Бесстрастие. Если это апатия, отсутствие всяких чувств, то она лежит за пределами скептицизма, и скептик старается не утверждать ничего такого, что противоречило бы человеческой природе. В его власти только его чувства, и он не дает им разрастаться до чрезмерной силы, умозрительно отрицая объективную природу ощущаемого объекта. (см. примечание 36)

55

Преимущество скептицизма в том, что он прививает совершенную терпимость. Конечно, было бы большим преимуществом, если бы скептики хотя бы обладали склонностью к отношению, которого все желают в других, но так мало готовы принять для себя. Истинная терпимость, однако, заключается не в полном безразличии к истине и заблуждению, а лишь в том, чтобы не распространять суждения о мнениях на людей и сохранять виноватое уважение к тем, кто исповедует мнения, противоположные нашим собственным, если они делают это искренне.
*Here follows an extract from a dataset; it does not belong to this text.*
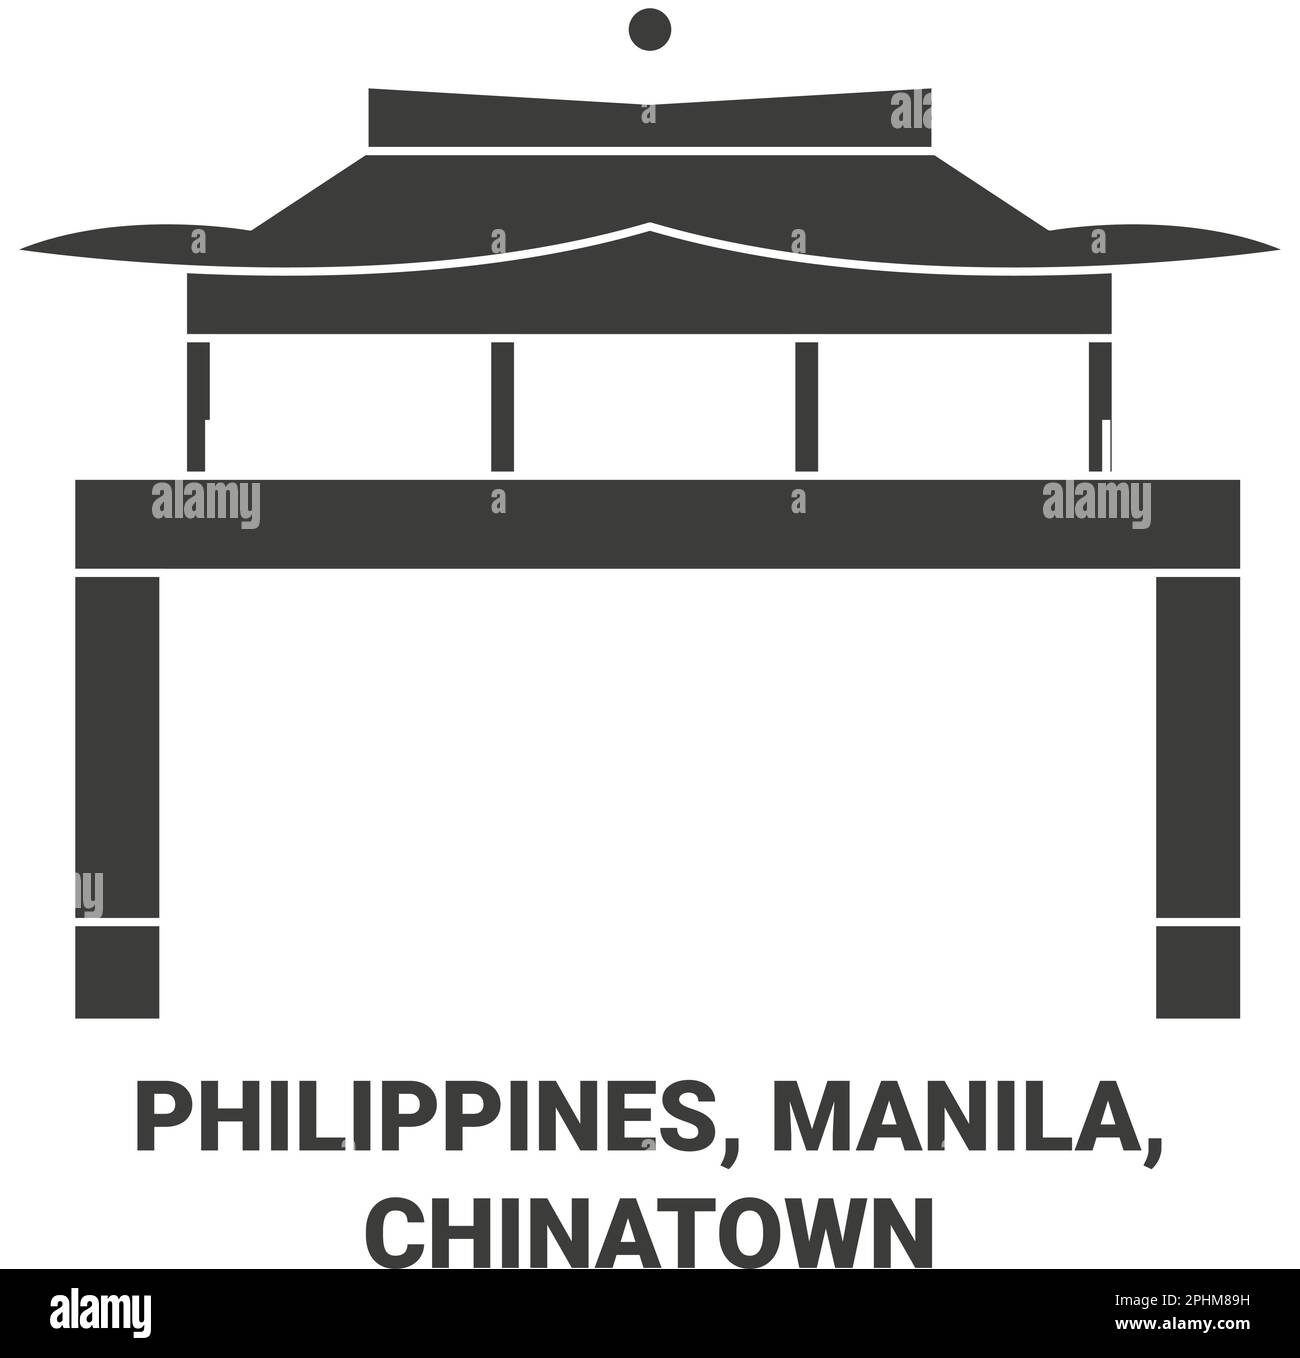 Illustration vectorielle de voyage aux Philippines, Manille, Chinatown Illustration de Vecteur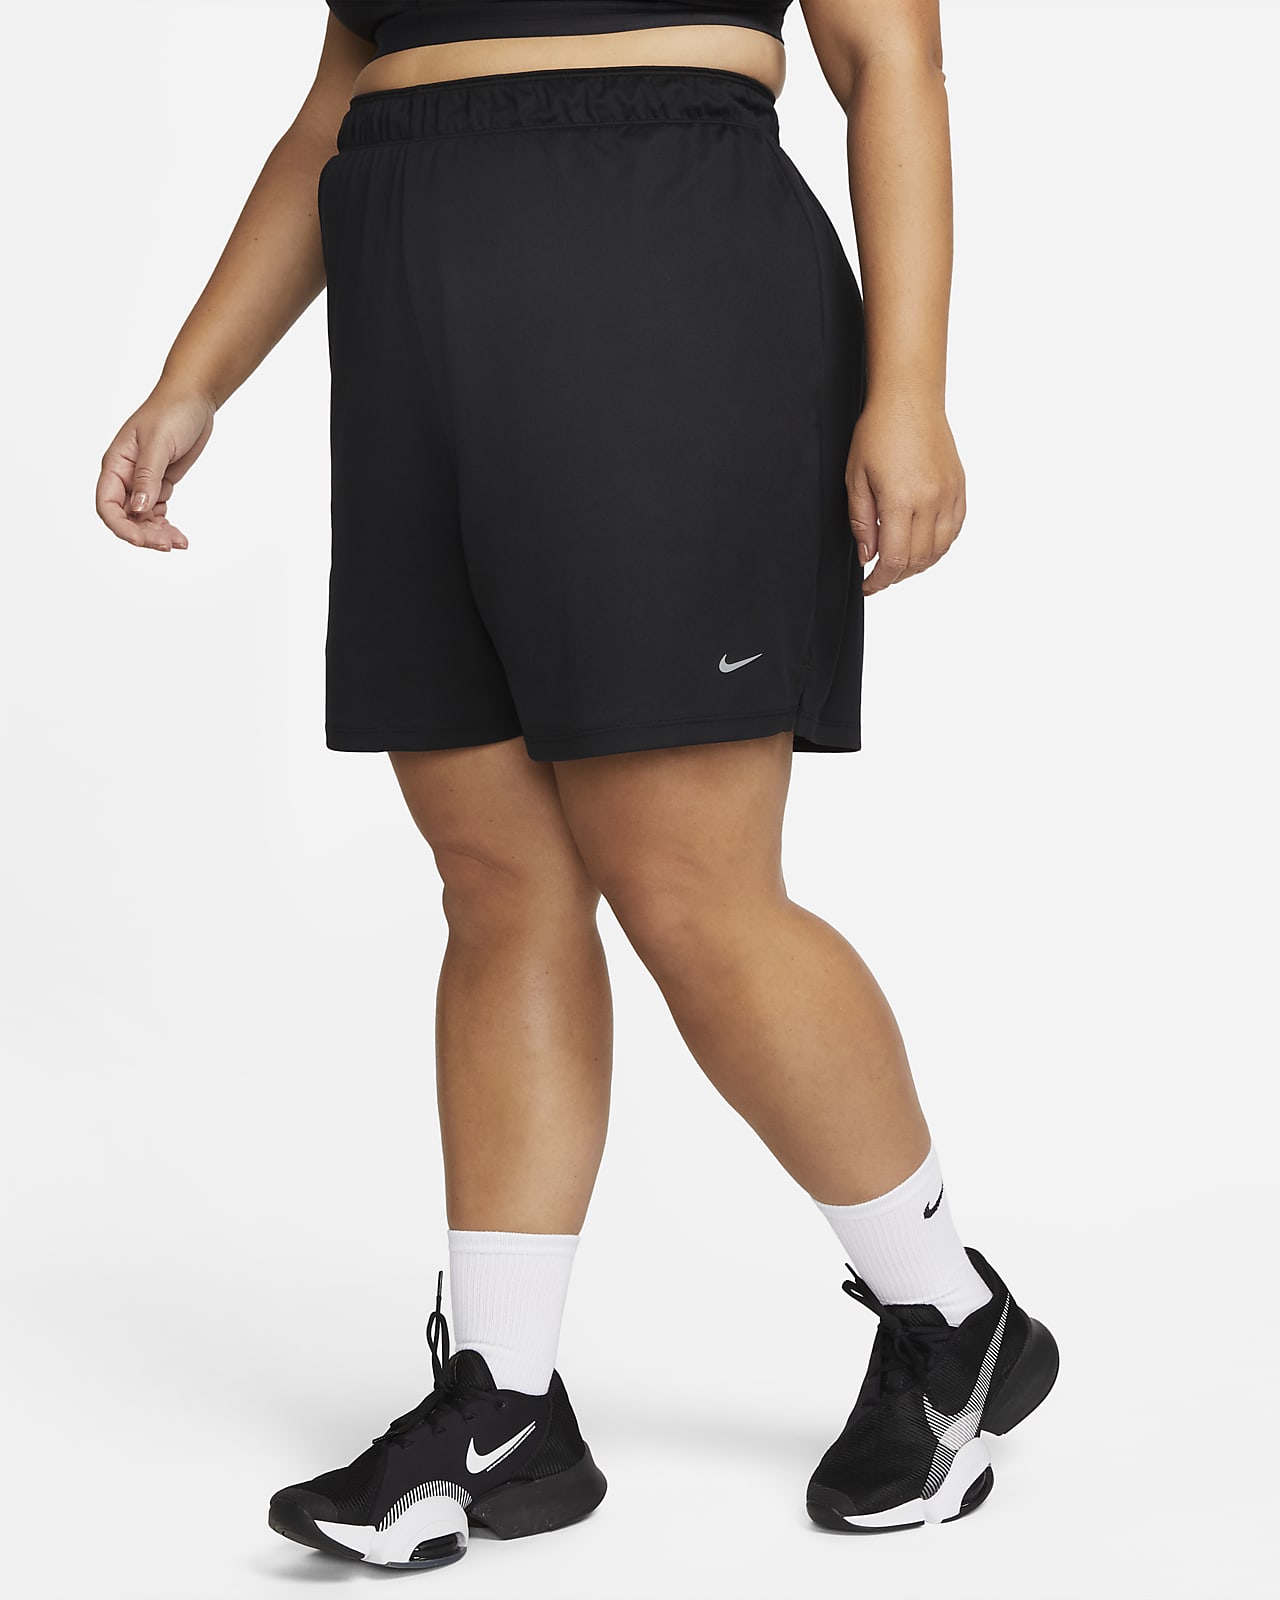 Shorts sin forro de 13 cm de tiro medio para mujer (talla grande) Nike Dri-FIT Attack

Поэтому истинный принцип терпимости заключается в чувстве уважения и справедливости к существам своего рода, в искреннем уважении к правам и независимости разума. В этом отношении ничто не может быть более отвратительным для терпимости, чем глубокое презрение, которое абсолютный скептицизм внушает ко всем человеческим мнениям без исключения. Если нетерпимость проявляется лишь в том, что человек противоречит ошибочному суждению, то в какой нетерпимости не повинен скептицизм, налагающий запрет на все произведения разума? Сознание собственной убежденности заставляет разумного человека с уважением относиться к убеждениям другого. В общем, страсти более нетерпимы, чем системы.

56

Даже Бэйль, Dictionnaire, Art. Pyrrhon.